Que cosas. Entre Torrelodones colonia y Torrelodones pueblo debe de haber unos 4 km. Pues en ese trayecto a mi hijo adolescente, poseedor de un ciclomotor normalito, le piden la documentación la guardia civil y la policia municipal entre 5 y 6 veces alrededor de las 12 de la noche. Y en el pueblo, la policia municipal, cada vez que ve a un joven, le pide el dni y hasta casi le cachea. Mi hijo es un estudiante aplicado, aficionado a la escalada y el alpìnismo y afortunadamente sanisimo. Cuando van circulando, el solo o con sus amigos, por la via de servicio de la autopista les para la gc y despues de pedir la documentación les preguntan si llevan algo. Y les registran. Y si van en una furgoneta cargada con todo el material de escalada, les registran hasta los dientes. Esto sucede todos los dias y preferentemente los fines de semana. No hacen falta las cámaras o Sitel. La presión policial llamada preventiva es constante sobre los ciudadanos. Y aqui nadie hace nada mientras se recortan
(continuación del post anterior)
por casualidad, me llamó la atención una música, no sé, como de charanga melancólica de un circo recorriendo sin mucha fe las calles de un lugar medio abandonado, y la voz lenta y escarmentada del presentador. “Así es la vida”, creo que se llamaba el programa, y me hizo mucho más llevaderos, de verdad, los tres años que pasé en aquel pueblo. Como efecto secundario me quedó para siempre una desaforada simpatía por Ud. que se parece bastante al agradecimiento.

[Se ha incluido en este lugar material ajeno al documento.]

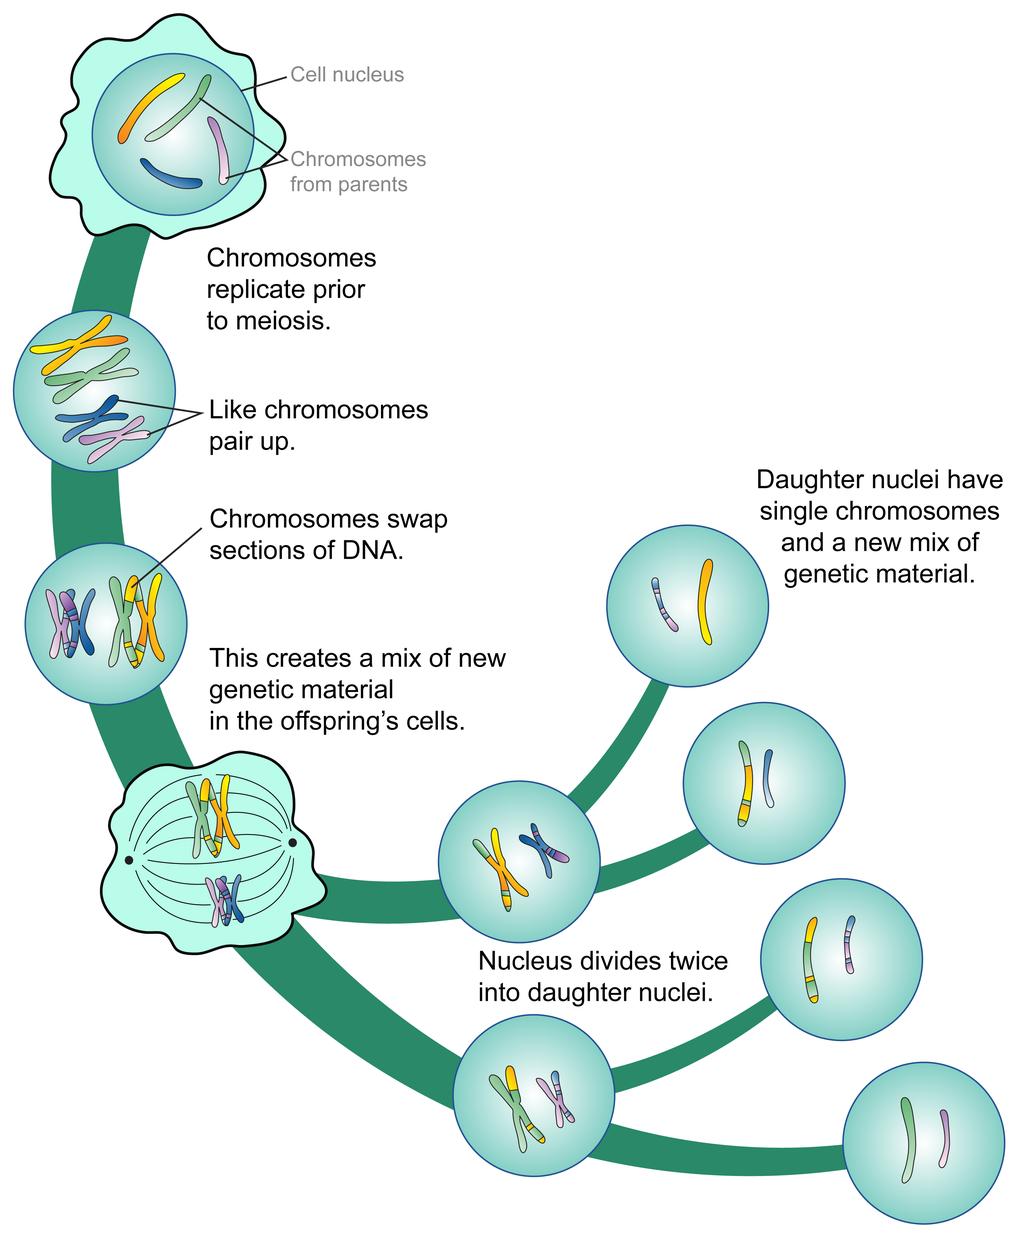 FIGURE 5.18 Phases of Meiosis. This flowchart of meiosis shows meiosis I in greater detail than meiosis II. Meiosis I but not meiosis II differs somewhat from mitosis.

Joder, qué forma más rebuscada de dar las gracias me ha salido. Bueno, pues eso, don Andrés, Ud. disimule.
Y si al final resulta que no lee usted estas chorradillas que le escribimos aquí en el faldón del su artículo, bueno, pues nada: siempre queda el consuelo de que lo leerá Sitel, así que no todo habrá sido en vano (mire Ud. por dónde acabo de dar con el lado positivo de Sitel, así como quien no quiere la cosa: por lo menos hay alguien por ahí que me escucha…).
A mí lo que me fastidia, don Andrés, es que el Sitel ese eche por tierra todos mis esfuerzos por hacerme el interesante y parecer un tipo con un pasado movido que todavía tiene razones para temer a la Policía. Me entran sudores fríos solo de pensar que se descubra que soy un tipo gris que trabaja en un ministerio de 9 a 3, y que mi más violento tropiezo con la ley y el orden fue una multa que me pusieron en 1998 por pasarme tres minutos de lo que marcaba el papelito de la zona azul de aparcamiento.
Por eso me sumo con toda energía a su protesta, don Andrés. ¡La ilusión de ser alguien que tiene algo que ocultar es lo último que se pierde!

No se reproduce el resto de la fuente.